-- Task to complete --
Word for word, repeat the data; no picture should appear in the result.

-- Dataset extract --

· · ·

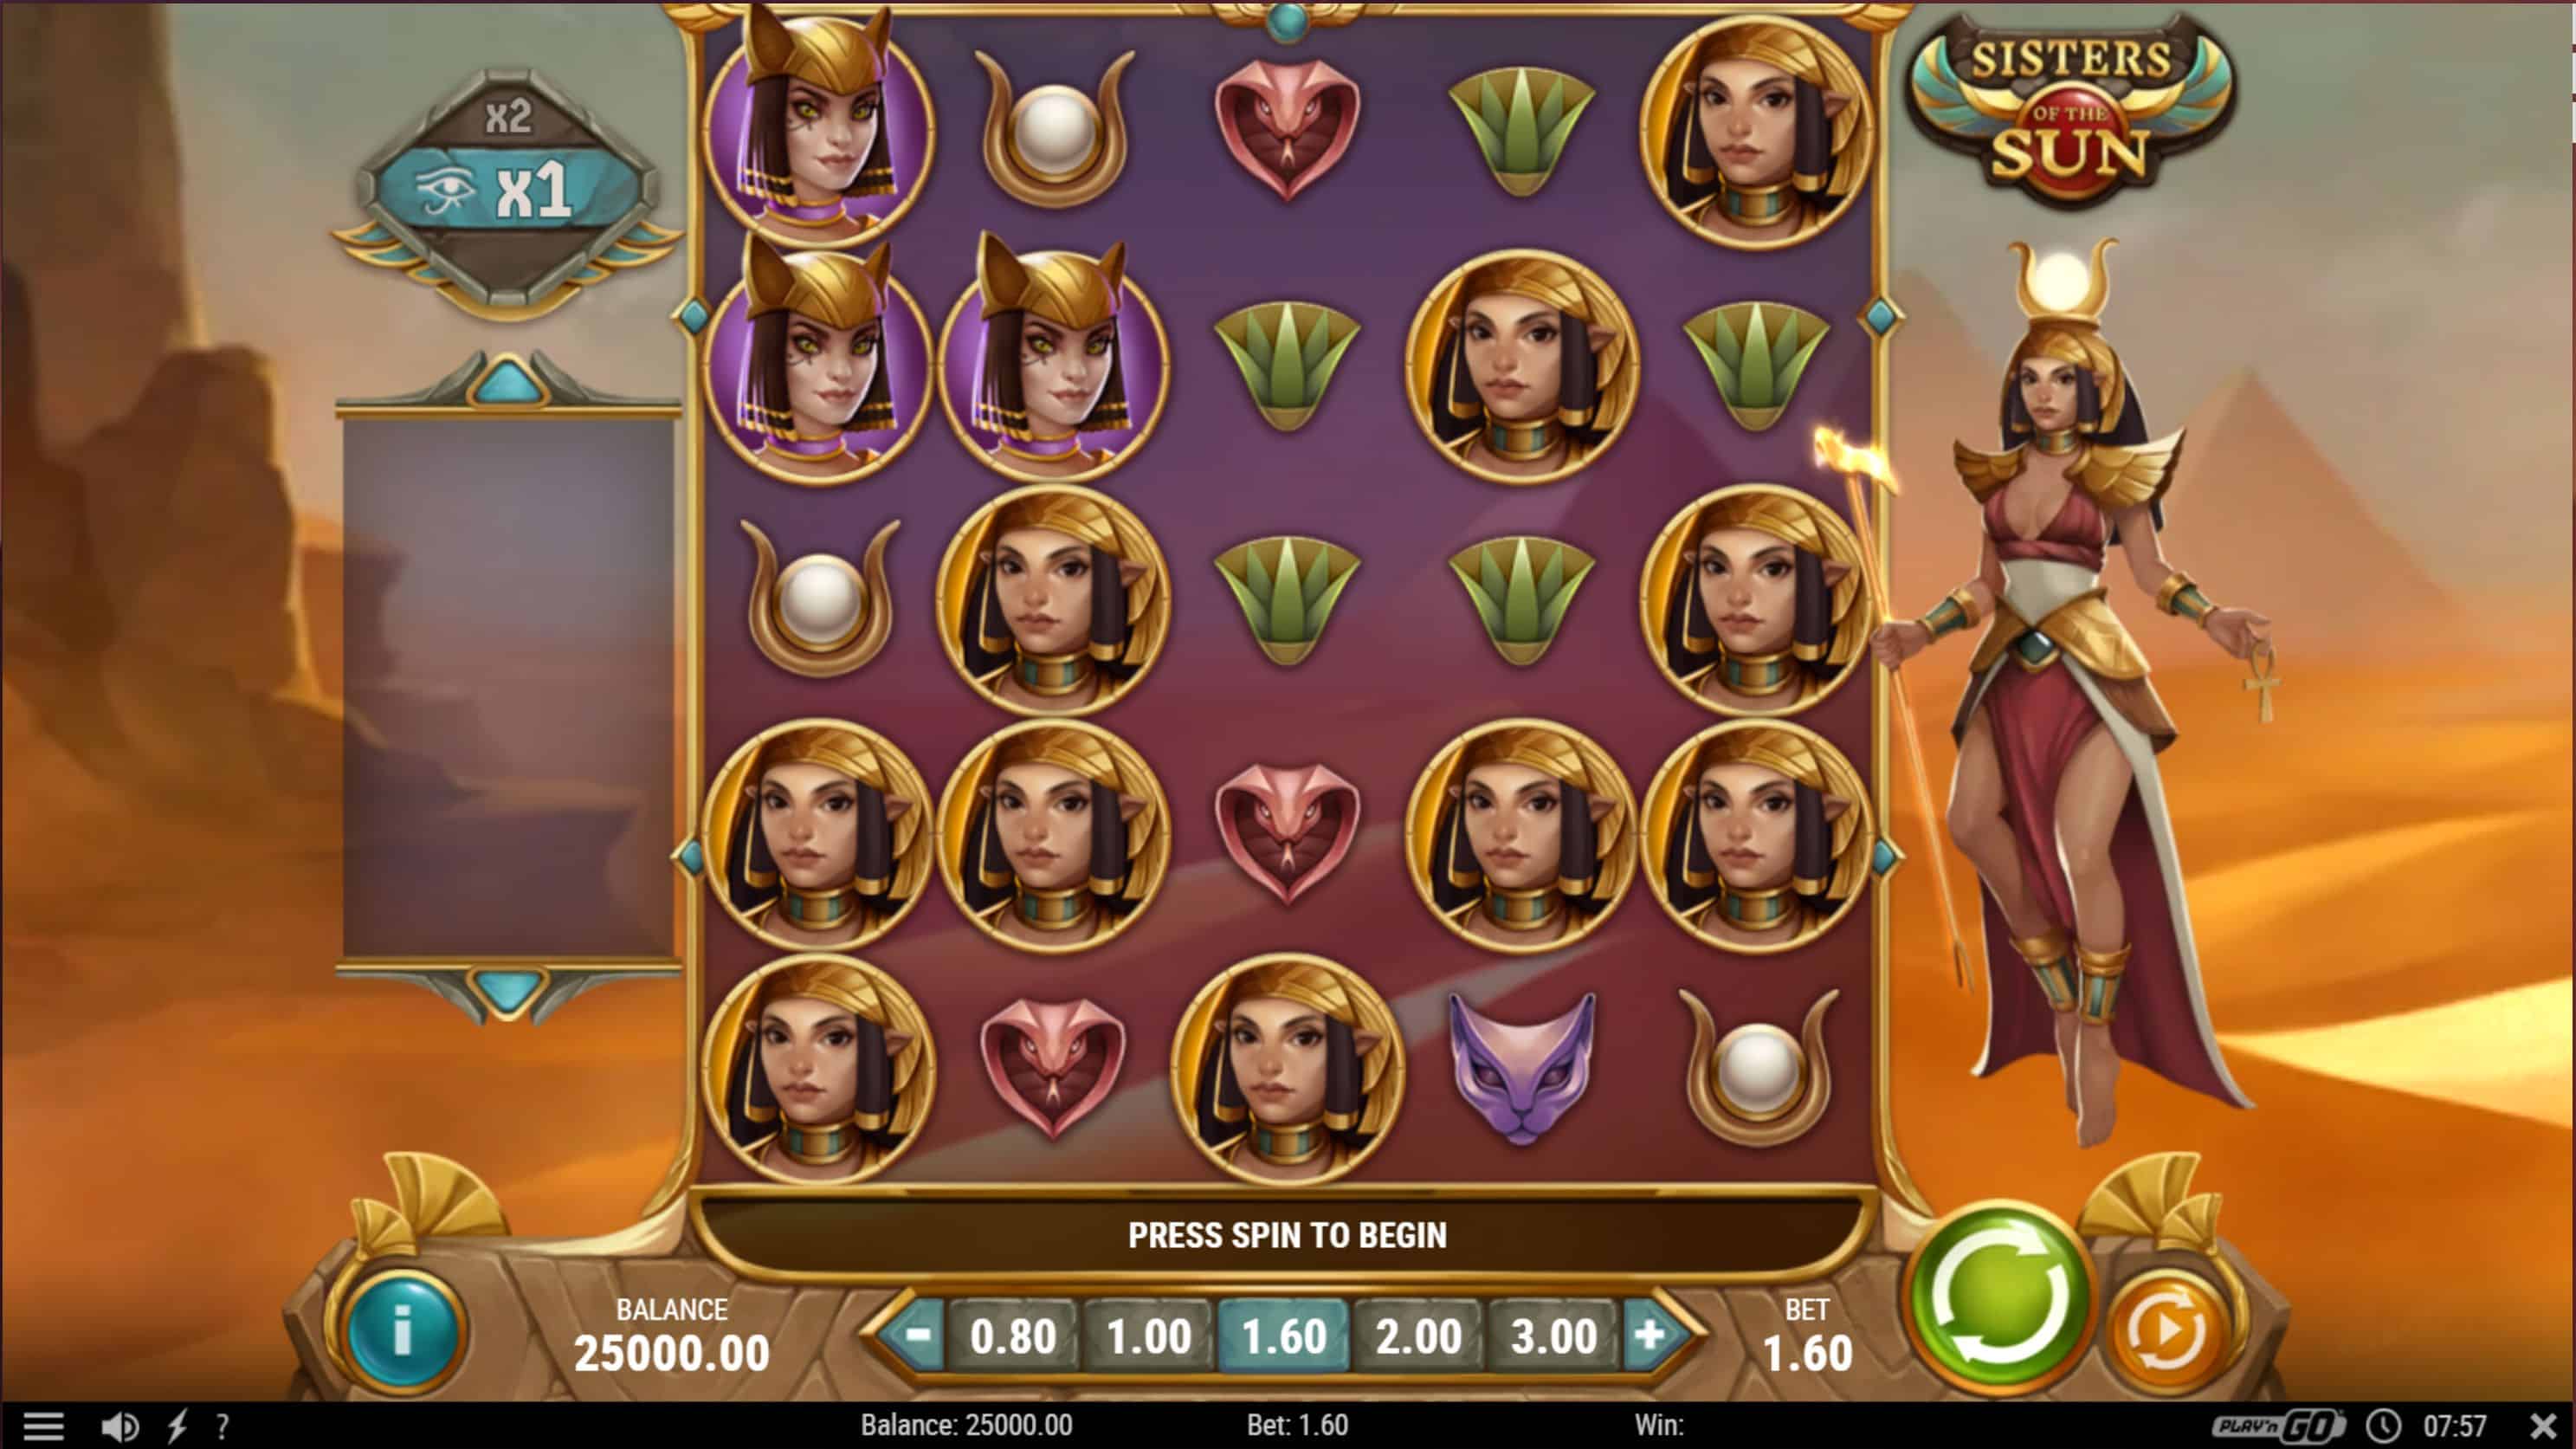 Sisters of the Sun Slot Game Free Play at Casino Ireland 01
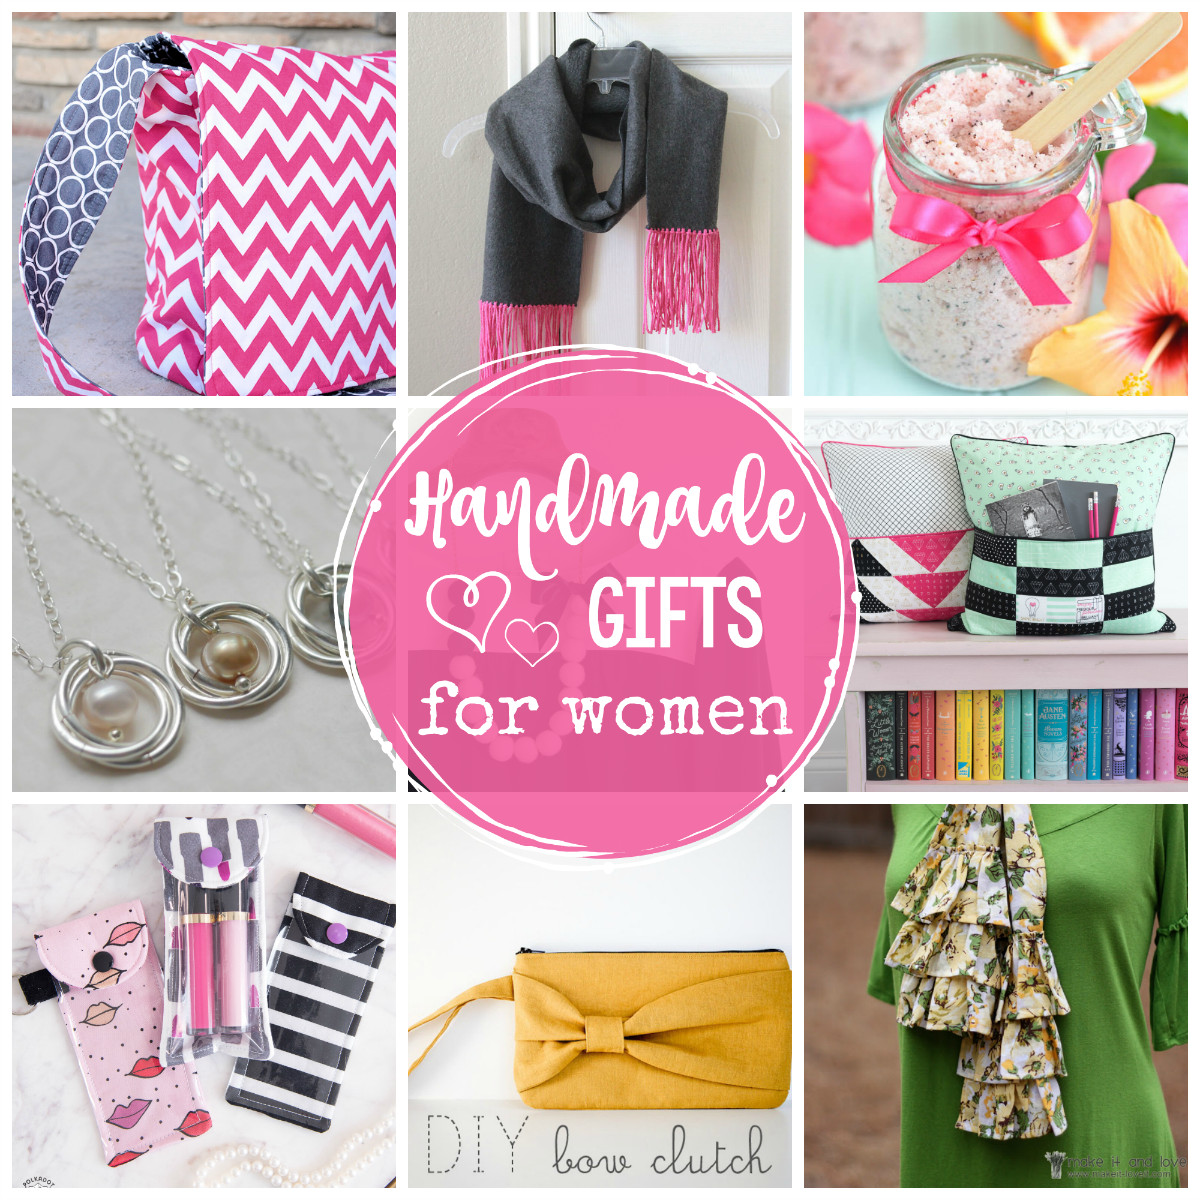 DIY Christmas Gifts For Women
 25 Great Handmade Gifts for Women Crazy Little Projects
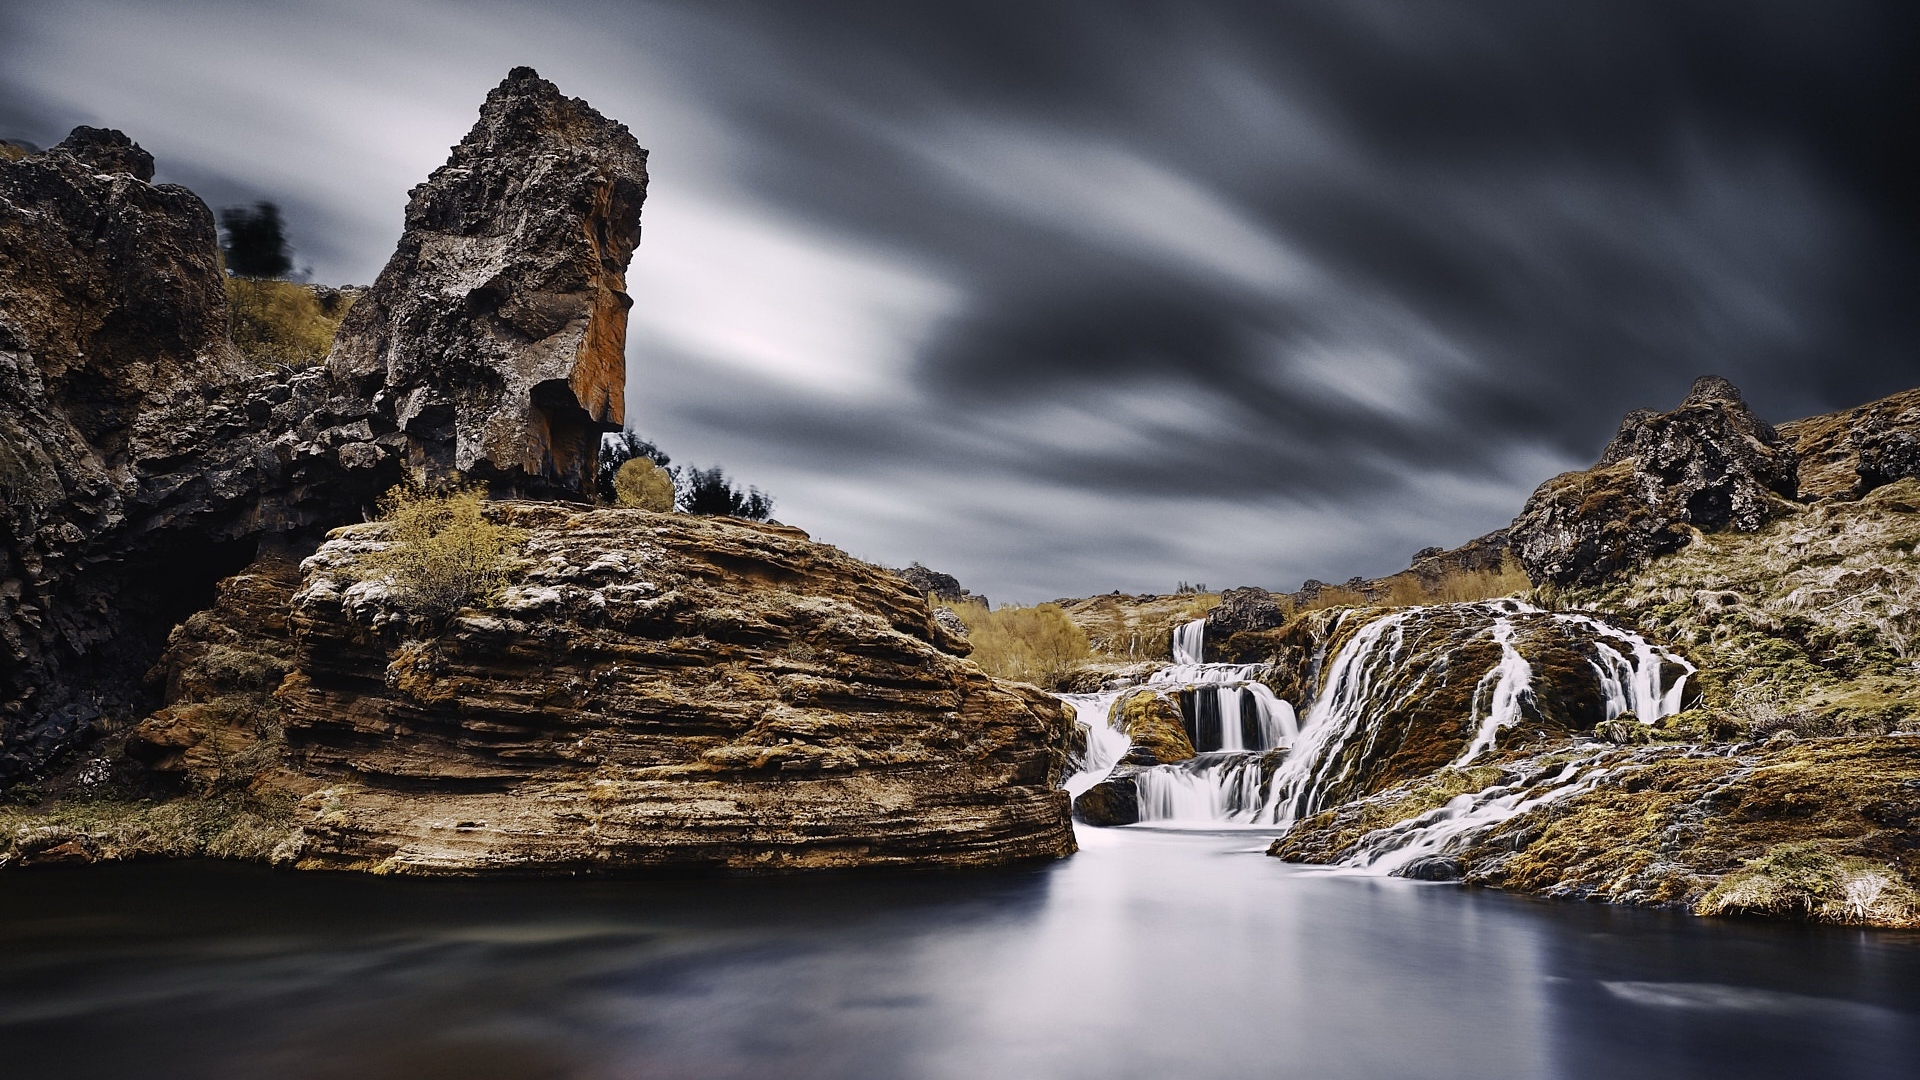 General 1920x1080 nature landscape long exposure clouds waterfall rocks water rock formation Iceland

· · ·

-- Exercise output --
 Sisters of the Sun Slot Game Free Play at Casino Ireland 01
 DIY Christmas Gifts For Women
 25 Great Handmade Gifts for Women Crazy Little Projects
 General 1920x1080 nature landscape long exposure clouds waterfall rocks water rock formation Iceland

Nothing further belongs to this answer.